Northrup views Holmes' outcome as a win-win situation, as both her student and the business benefit from the relationship.

"That's the idea of what we're trying to do: integrate our young adults into the community and find jobs that value them," Northrup added. "We want them to be contributing members. They may not be able to work a full shift, but we want them to be able to do what they can do and do it well so that whoever employs them says they do a great job and says, 'I'd love to have them come back next year.'"

Much of the students' schedules revolve around their jobs. Lukach said Tuesday through Thursday students enter the MAYC building and make their own breakfasts, prepare for work by practicing proper grooming habits and ensure their work uniforms are clean and ready.

After work, students may take a 15-minute break and then they are back in the kitchen together to prepare lunch. Each week, students rotate turns preparing the grocery list using the myShopi application. On Mondays, the students visit the Savoy Walmart to shop for groceries and return to MAYC to put the goods away.

"Our joke is that everyone likes to eat so everyone has to help," Lukach said.

Everyone also helps cook and clean up. The student who prepares the grocery list for the week also assigns the remaining students' tasks to assist with the meal.

"Each student has a job," Luckach said. "Who's going to make the pizza, make the salad and make the table?"

The students also learn about budgeting, whether for meal preparations or their checkbooks. Lukach said the students' parents provide them a certain amount of funds for community activities, whether it be a trip to the zoo, the movies or a restaurant.

After lunch, students may participate in other learning activities, such as budgeting or other activities like making a Mother's Day gift.

On Fridays, the students enjoy community outings, whether it be a trip to the Decatur zoo, bowling or the student-favorite trip to Taco John's.

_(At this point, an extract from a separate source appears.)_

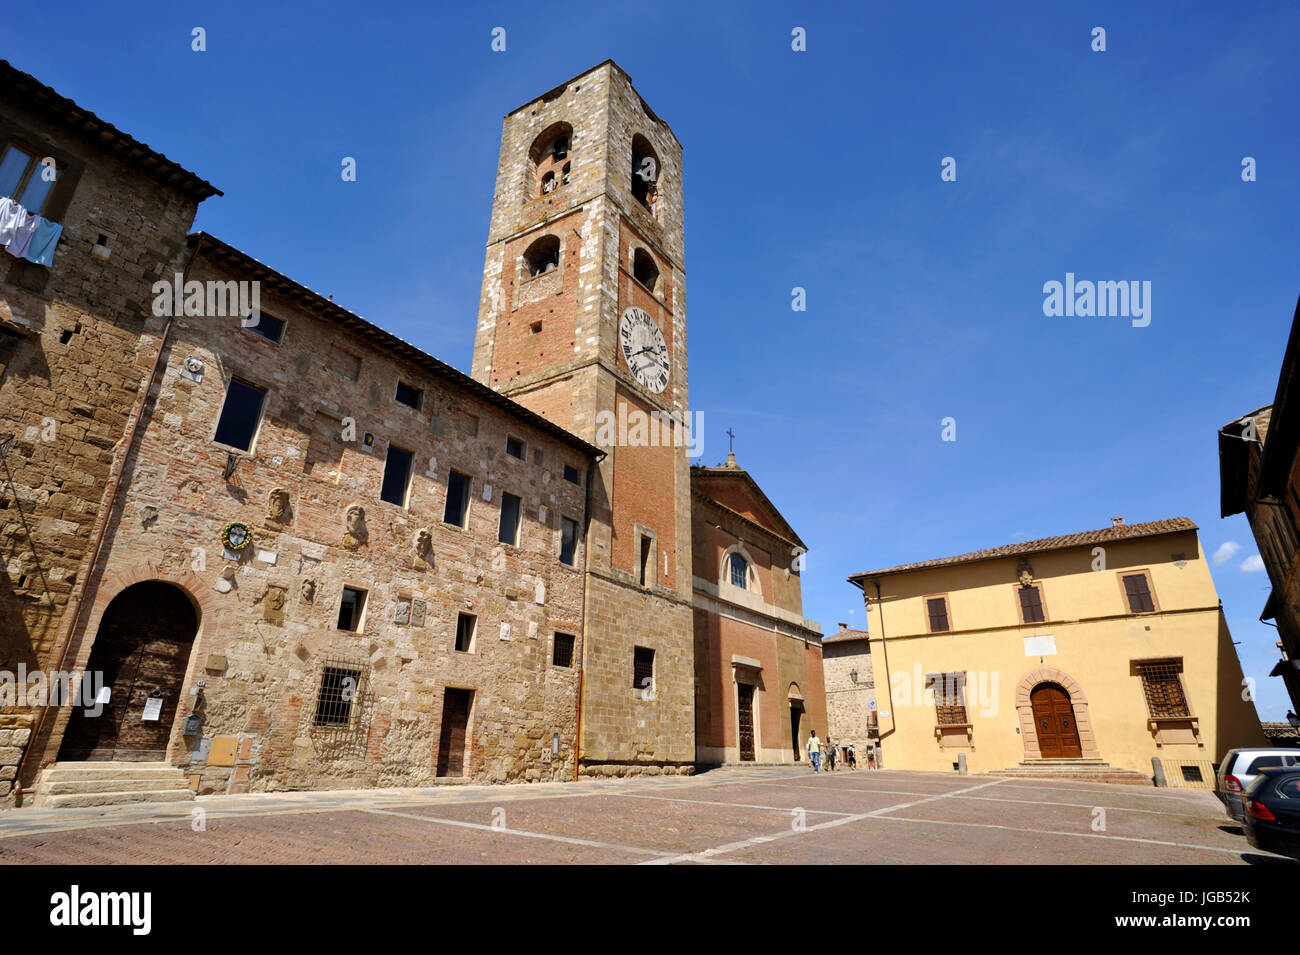 Palazzo Pretorio and Cathedral, Piazza del Duomo, Colle di Val d'Elsa, Tuscany, Italy Stock Photo

"It's a great place to hang out," student Robert Durst said. "I like going out on Fridays, especially Taco John's."

The one constant for each of the remaining students was their appreciation for not only their jobs but the family-like relationships they established at ATLAS.

"I like to clean the dishes and stove," Beachey said. "I like working at Home Depot."

Aside from her position at the Village Garden Shoppe, Holmes said she enjoys her tasks she performs at ATLAS.

"I like hanging out and doing my 'family job' of taking out the trash," she said.

"I like my new job at Grace Church," student Josh Harper added. "I like grocery shopping."

Lukach said she considers her job a privilege and a wonderful opportunity.

"I've taught almost 30 years, and every day seems amazing with them," she said. "I love coming to work. I'm not one who counts down my days at the end of the school year. I love seeing them learn."

For Lukach, the sky is the limit for her students. She would like to incorporate a student-run coffee shop, candy shop or bakery here in Mahomet.

More than anything, Lukach and Northrup hope the community recognizes their students for their abilities and their can-do attitudes.

"One thing the community needs to know is that this is a special group of students, not because of what some of the things they can't do, but the amazing things that they can do," Northrup said. "People would be surprised if they knew these students personally and knew all of the things they were able to do. It's their abilities that make them stand out and make them great people to be around."